One Liners Elephant Puns And Jokes For Instagram
These are one line elephant puns that can be used for posting selfies or pictures on Instagram. Or, you can comment on your friend’s post online with these jokes on elephants or you can use these cute elephant cartoons in the background images for status. Have a look and pick the perfect elephant pun for your need and enjoy!
“Anything unrelated to elephants is irrelephant.
“Looking after more than one elephant at a time requires the ability to multi-tusk.
“An elephant‘s opinion carries a lot of weight.
“Hunting elephants is illegal as ivory well know.
“Hannibal crossed the Alps because it was safer than crossing the elephants.
“Elephants will toil all day, and they work for peanuts.
“It’s OK to watch an elephant bathe as they usually have their trunks on.
Amazing Word Rhyme & Miss Spelled Elephant Puns And Elephant Jokes
Here are word rhyme and miss-spelled puns on elephants that can go well with any kind of moment. Whether you are looking for an elephant puns name, elephant puns for a birthday, or a baby shower, these puns can help you. Have a look and pick the ideal one for your need. Enjoy!
Task/Tusk: “Are you up to the tusk?”
Relevant/Relephant: “I don’t have a comment that is relephant to this discussion.”

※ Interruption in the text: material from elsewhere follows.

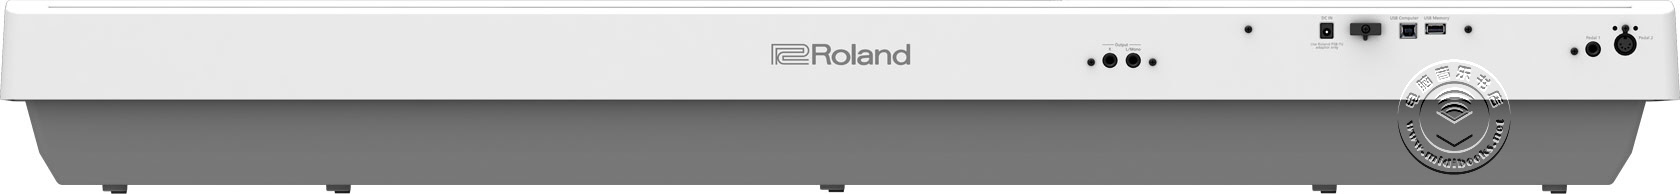 Roland(罗兰)发布FP-X系列便携式数码钢琴
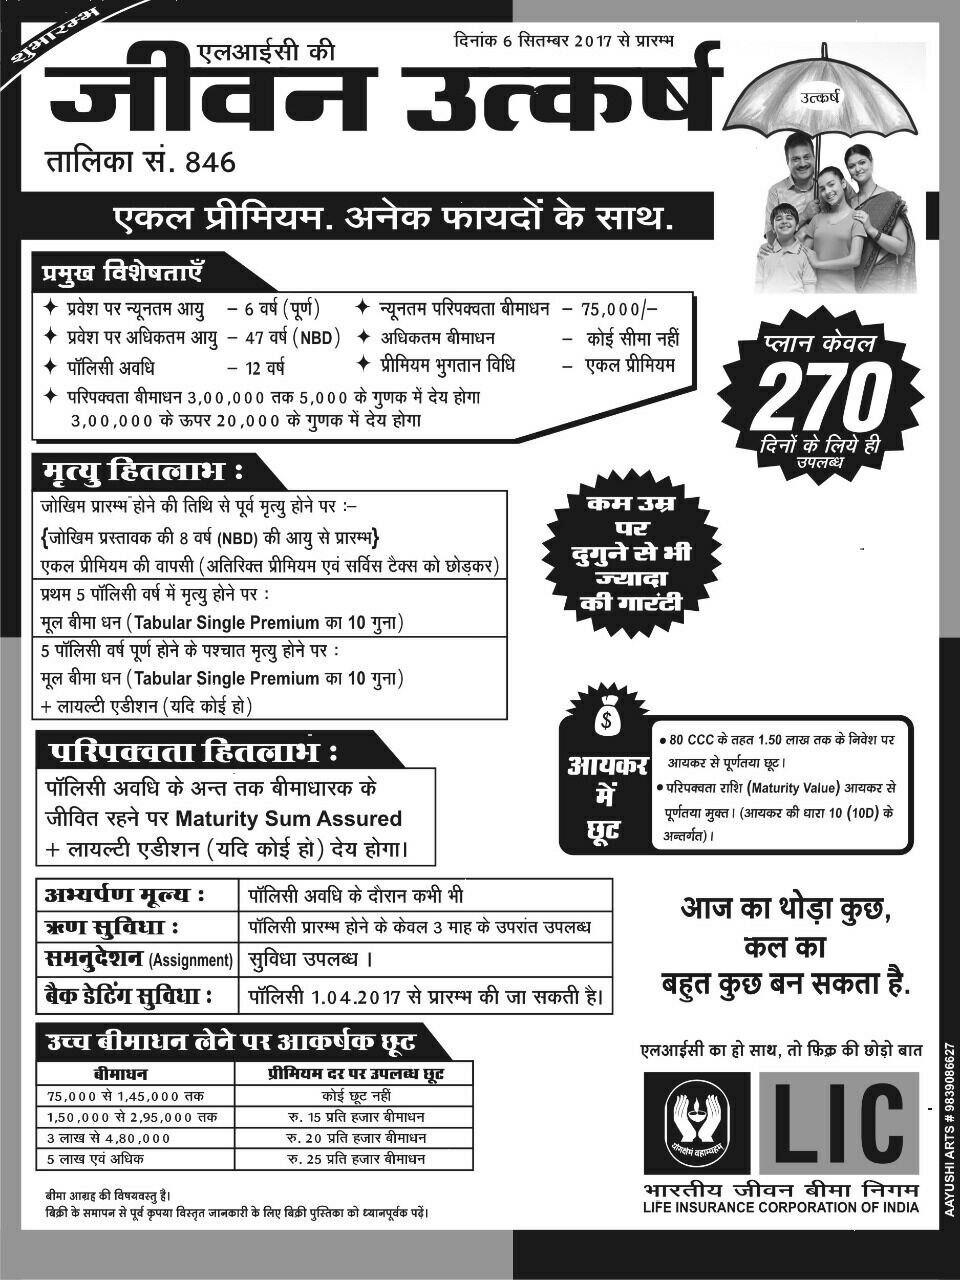 LIC JEEVAN UTKARSH SINGLE PREMIUM PLAN No. 846 Chart in Hindi

Irrelevant/Irrelephant: “Your comment is irrelephant.”
Half/Calf: “Calf measures.”
Drunk/Trunk: “You can’t drive. You’re trunk.”
Telephoned/Telephant: “I telephant my niece to wish her a happy birthday.”
Mum’ll/Mammal: “Quick! Hide! My mammal come downstairs any second.”
Pro-bosses/Proboscis: “They’re needed to run a company, but I’m not proboscis either.”
Grey/Gray: “A grey area” and “Grey matter.”
Heard/Herd: “Stop me if you’ve herd this one”
Massive/Mammoth: “A mammoth corporation”
Huge/Mammoth: “I’m completely full, that was a mammoth meal.”